══ GIVEN DATA ══
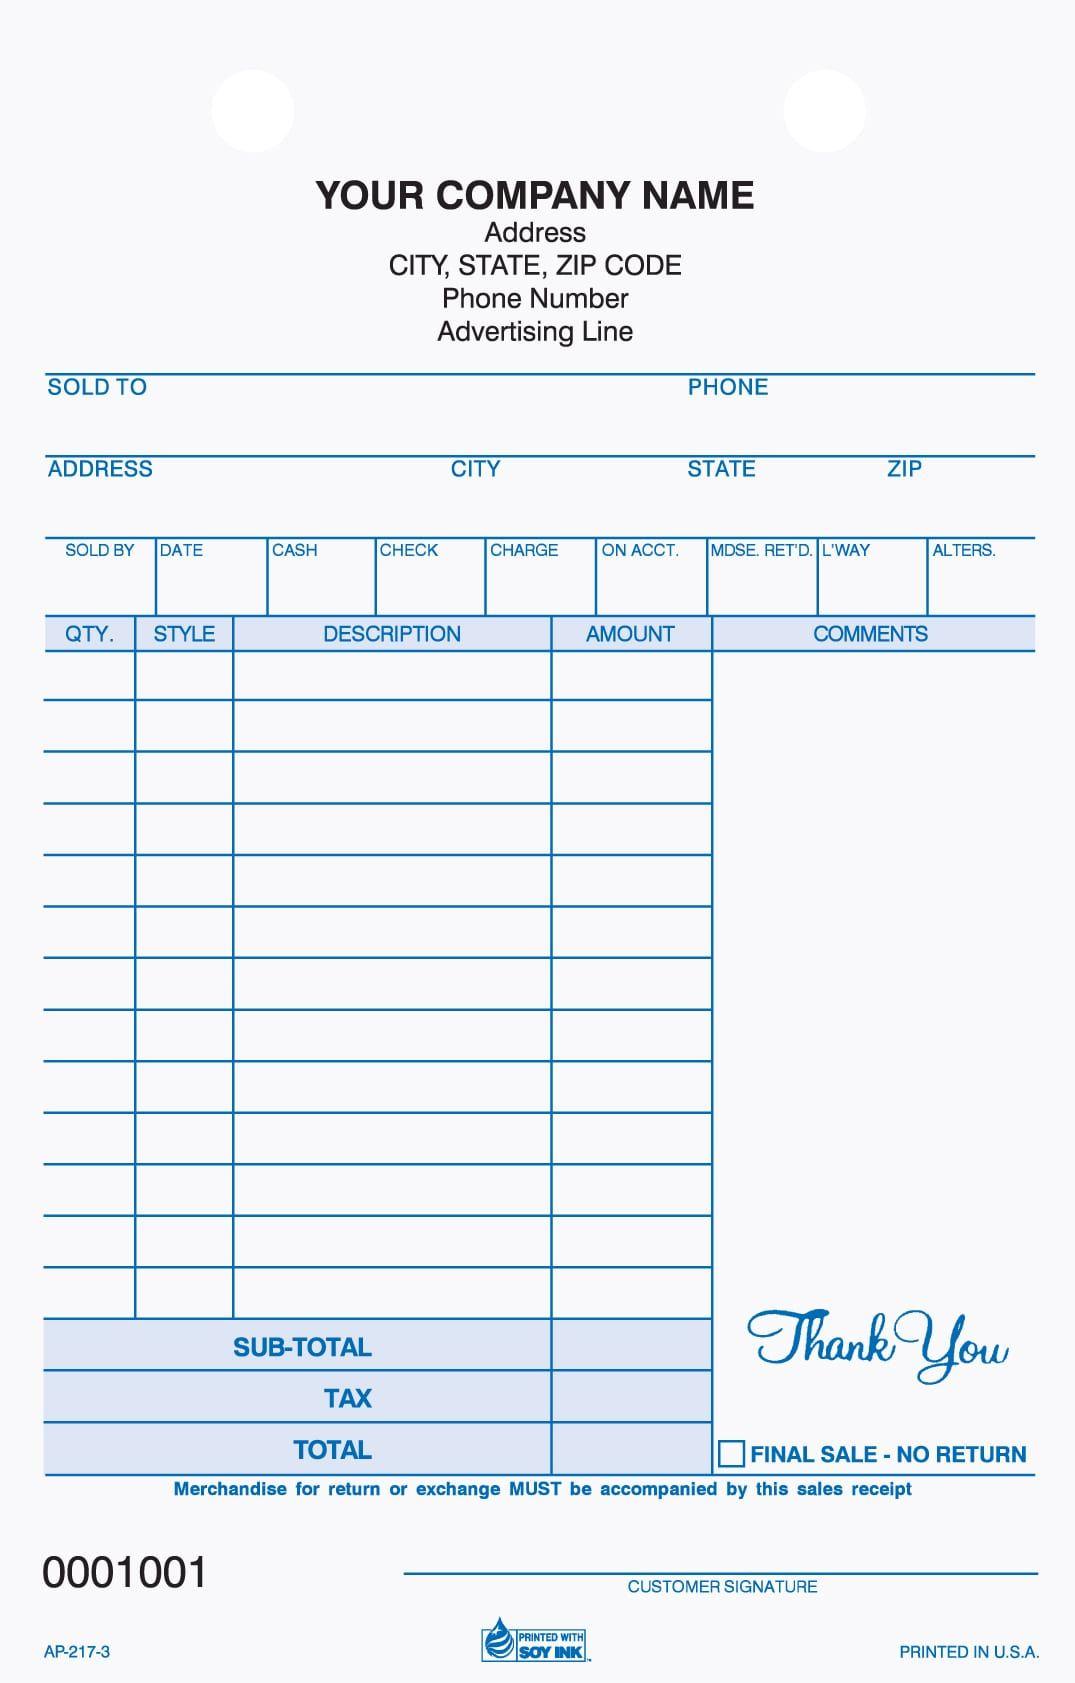 036 81 49 Ndash 036 344 052 Part Apparel Register Formshttps Www Stargatedesign Com Product 2 Invoice Template Word Paper Art Diy Free Receipt Template
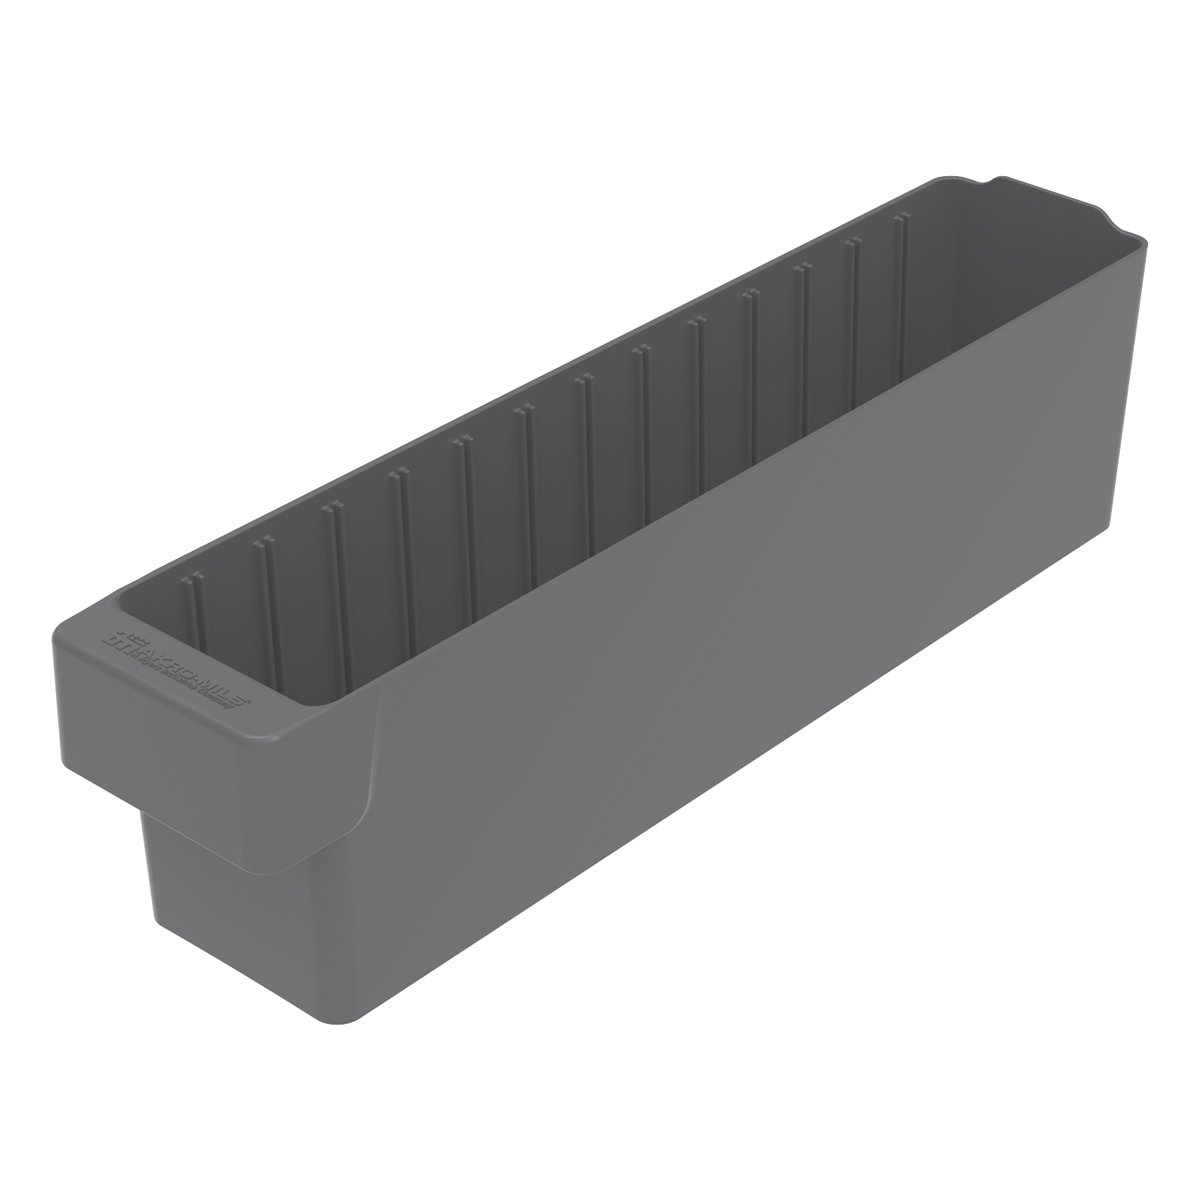 Akro-Mils 31148 17-5/8-Inch L by 3-3/4-Inch W by 4-5/8-Inch H, AkroDrawer Plastic Storage Drawer, Grey, Case of 6
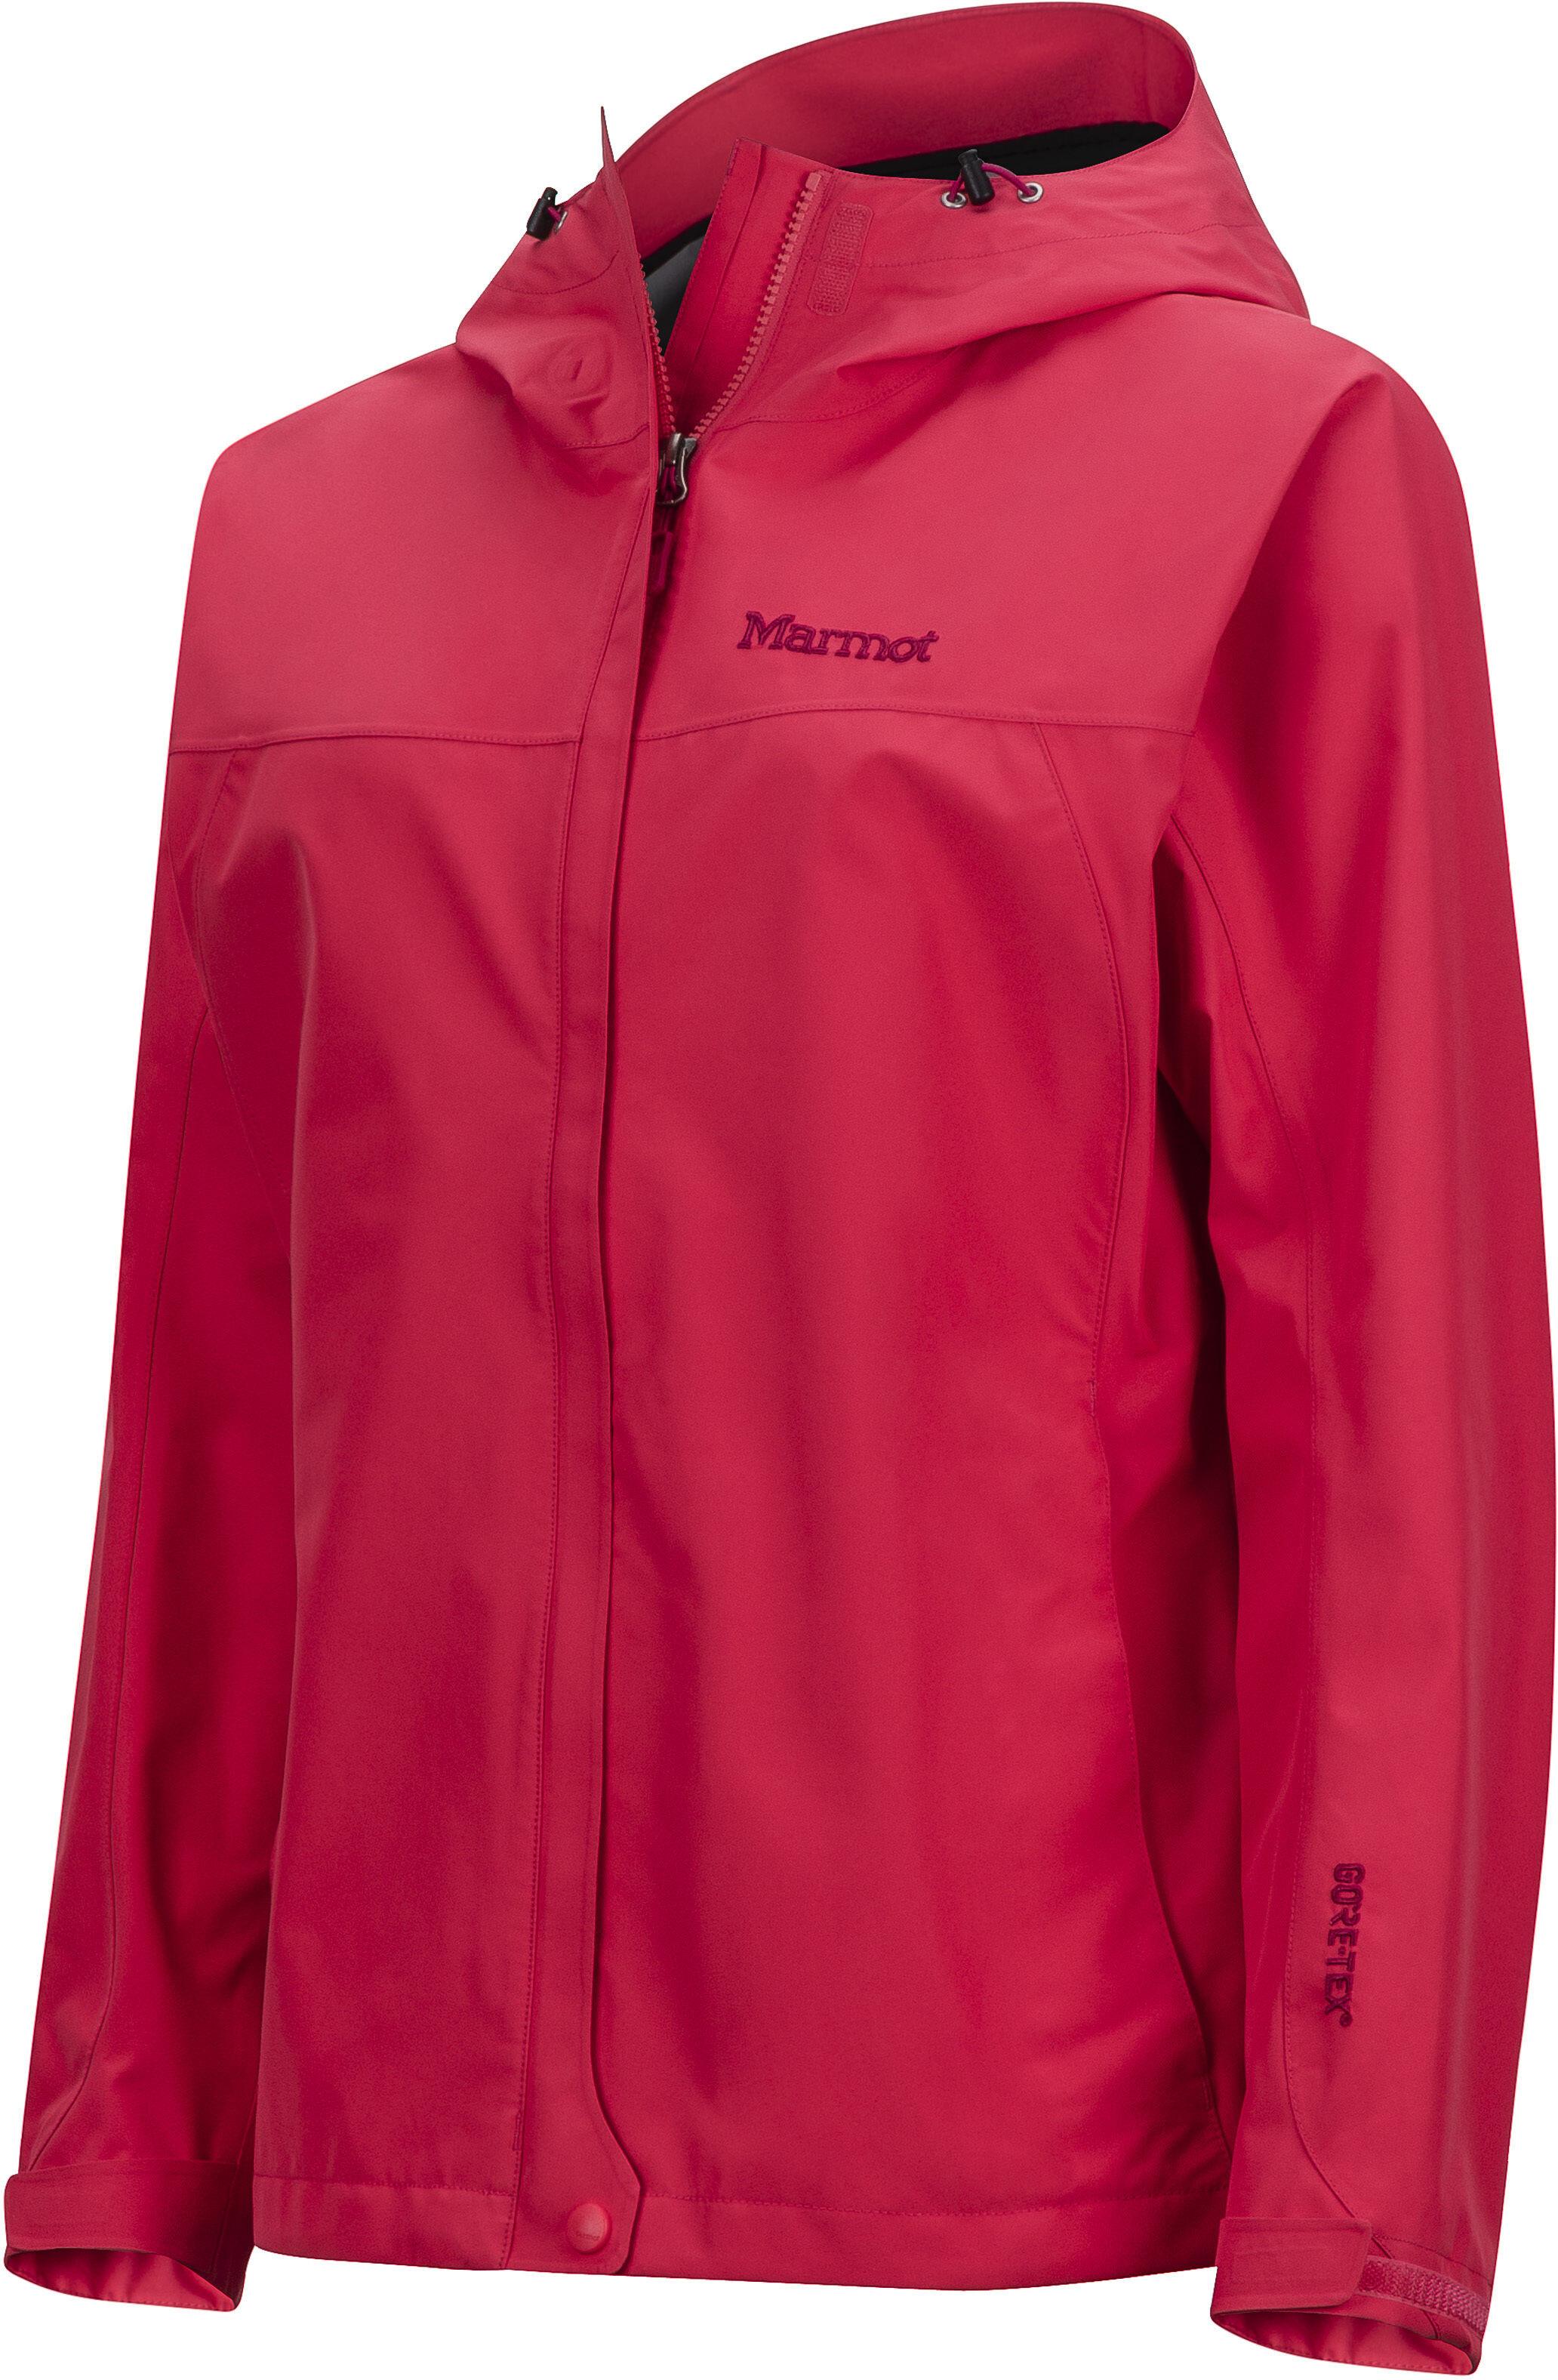 Marmot Women S Alexie Jacket: Marmot Minimalist Jacket Women Hibiscus
═══
* **DIRECTIONS**
Each line from the one containing "Akro-Mils 31148 17-5/8-Inch" through the last line of the listing is to be given again exactly, with no pictures and no other lines.

* **EXERCISE RESPONSE**
 Akro-Mils 31148 17-5/8-Inch L by 3-3/4-Inch W by 4-5/8-Inch H, AkroDrawer Plastic Storage Drawer, Grey, Case of 6
 Marmot Women S Alexie Jacket: Marmot Minimalist Jacket Women Hibiscus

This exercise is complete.